= Instructions to follow =
Copy out every line of the data exactly; do not include the images.

= Provided material =

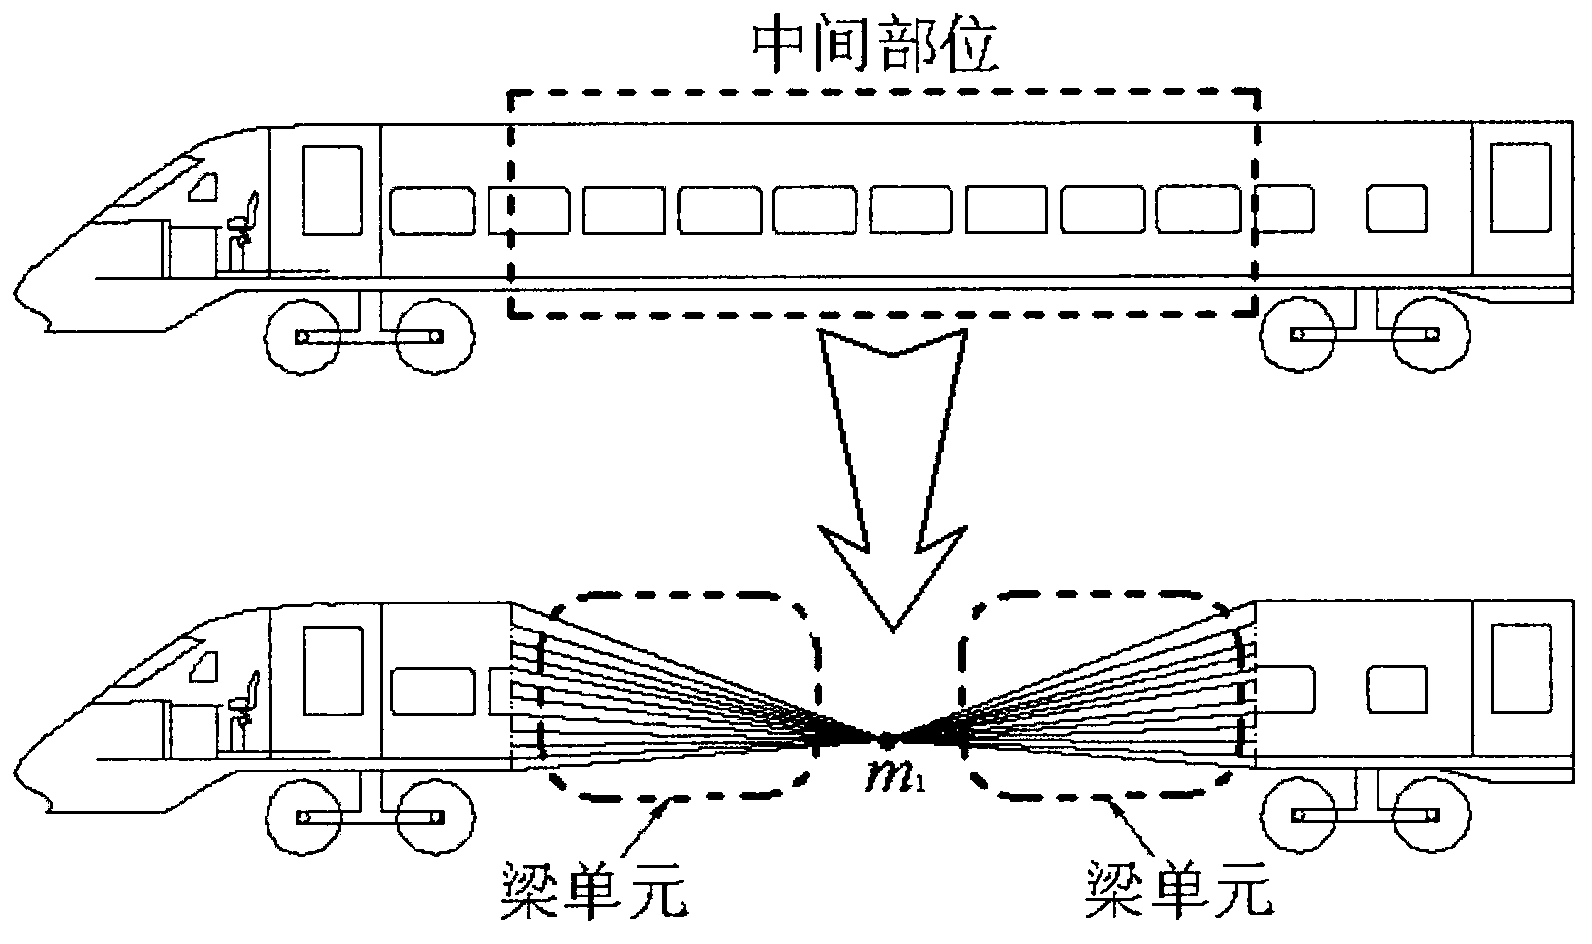 Method of simplifying model of collision simulation for multiple railway trains
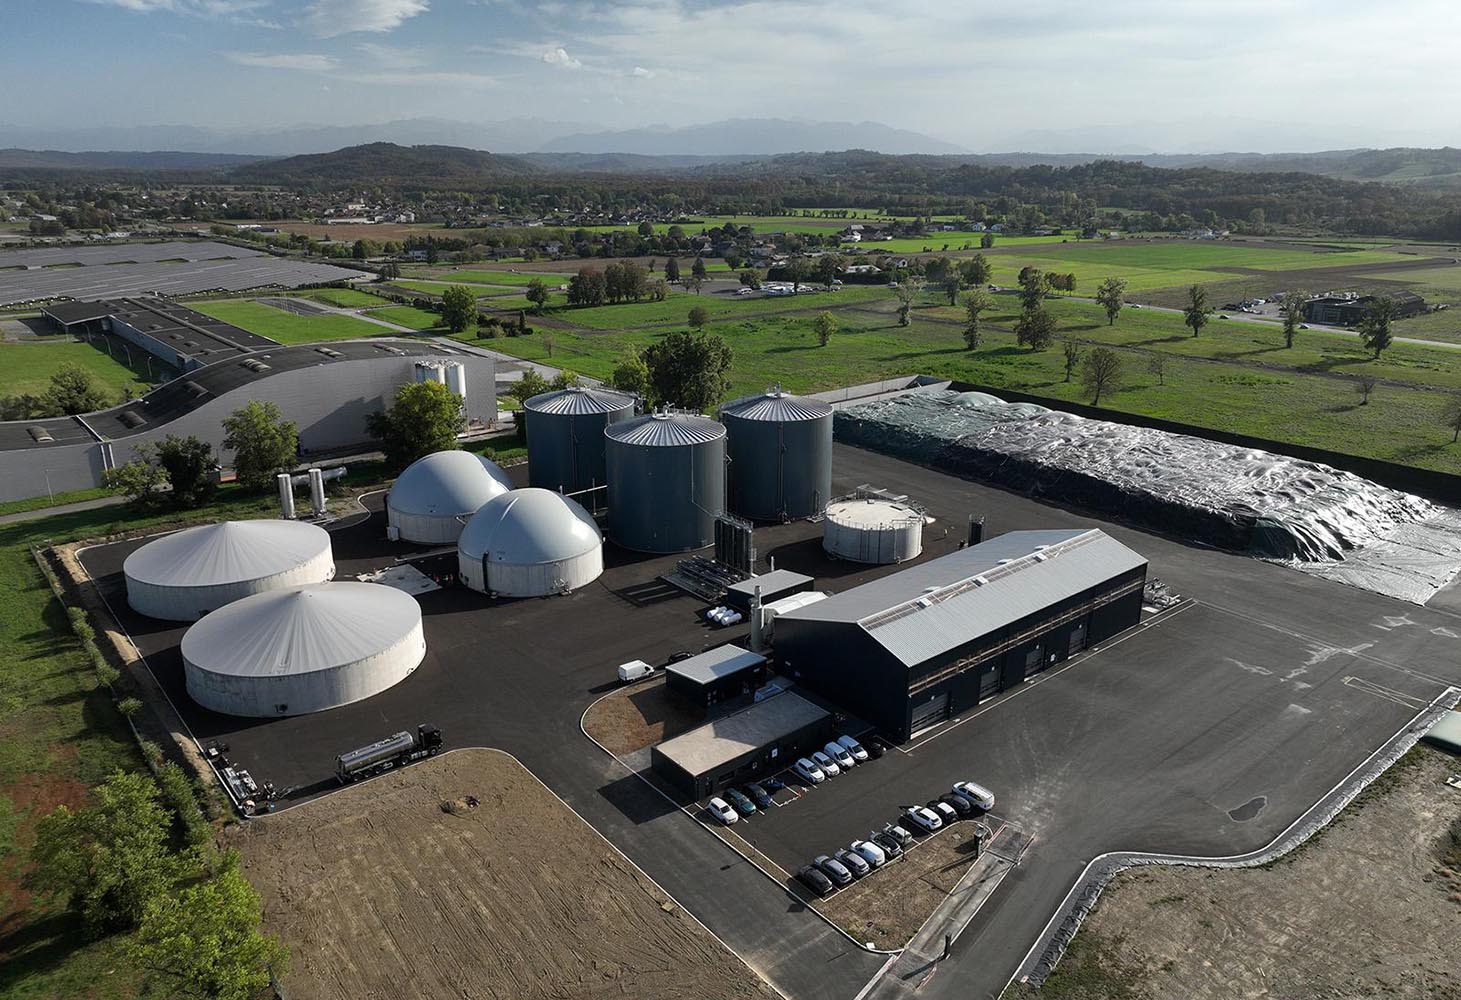 To develop biogas value chain, TotalEnergies buys stake in Ductor
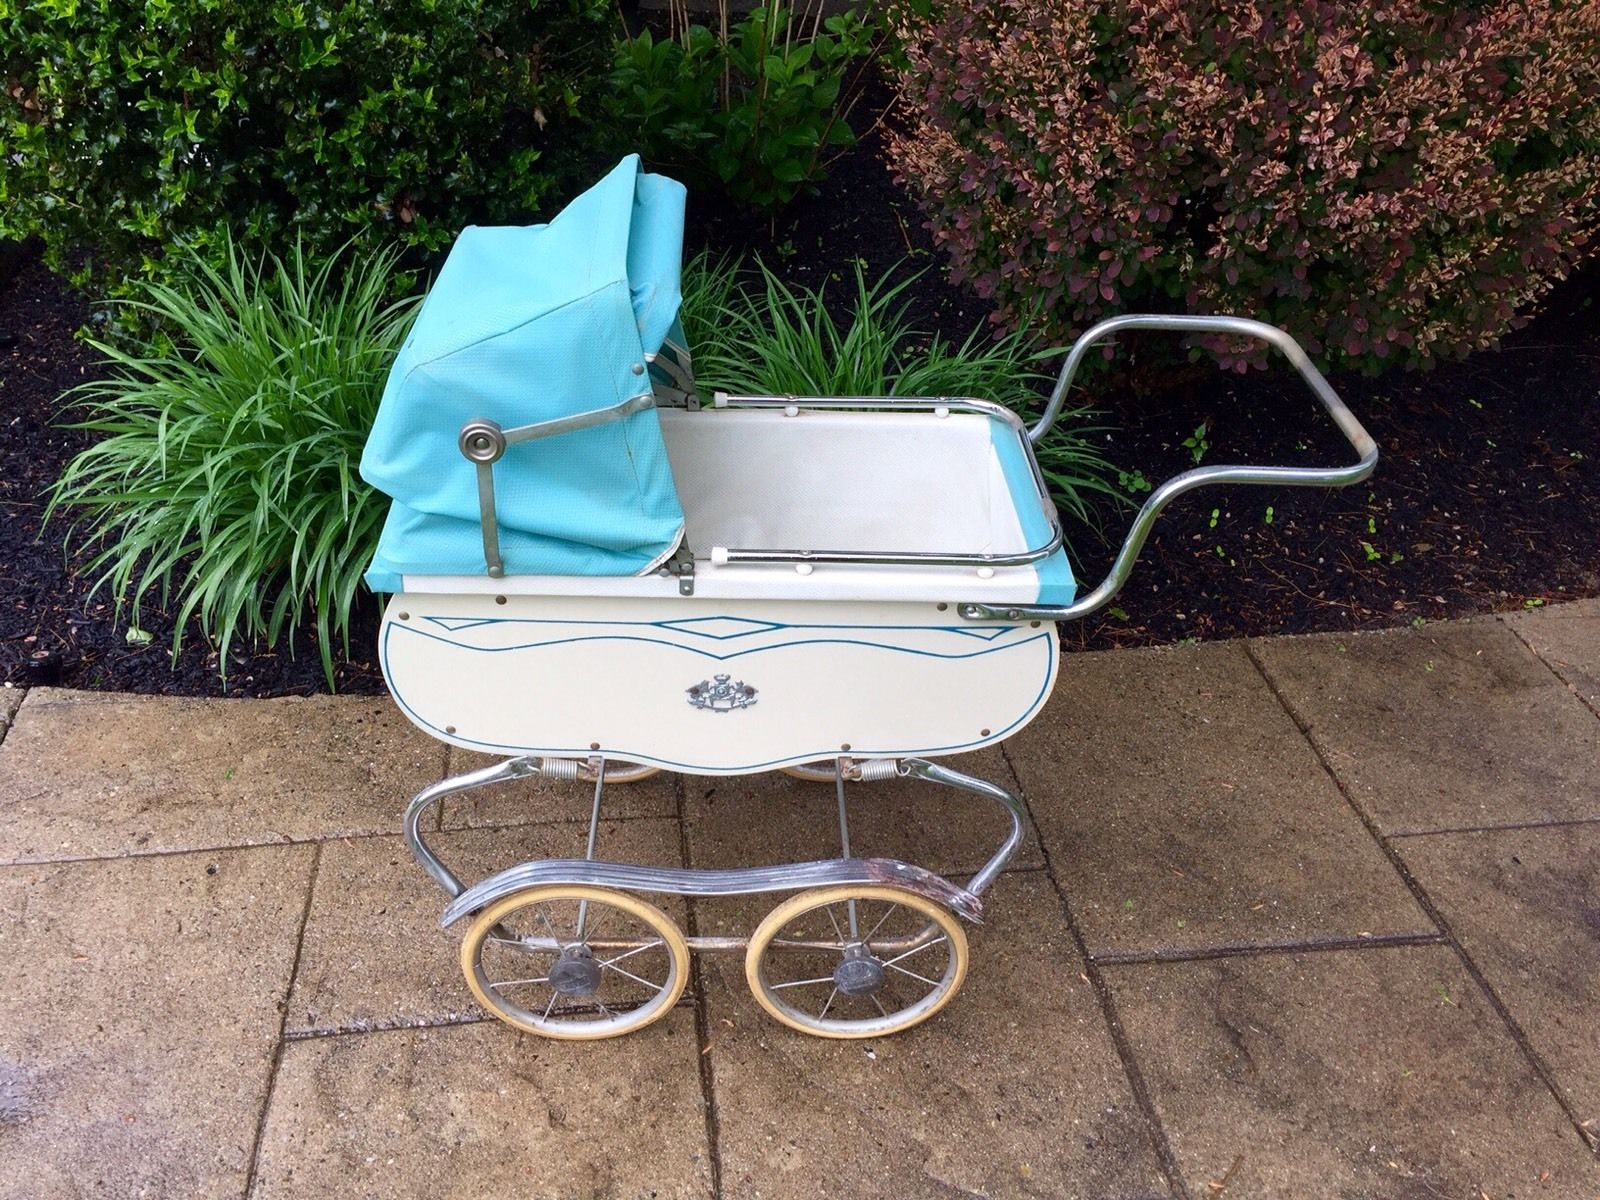 VINTAGE 1950s CORONET BABY DOLL BUGGY CARRIAGE PRAM

= Exercise result =
 Method of simplifying model of collision simulation for multiple railway trains
 To develop biogas value chain, TotalEnergies buys stake in Ductor
 VINTAGE 1950s CORONET BABY DOLL BUGGY CARRIAGE PRAM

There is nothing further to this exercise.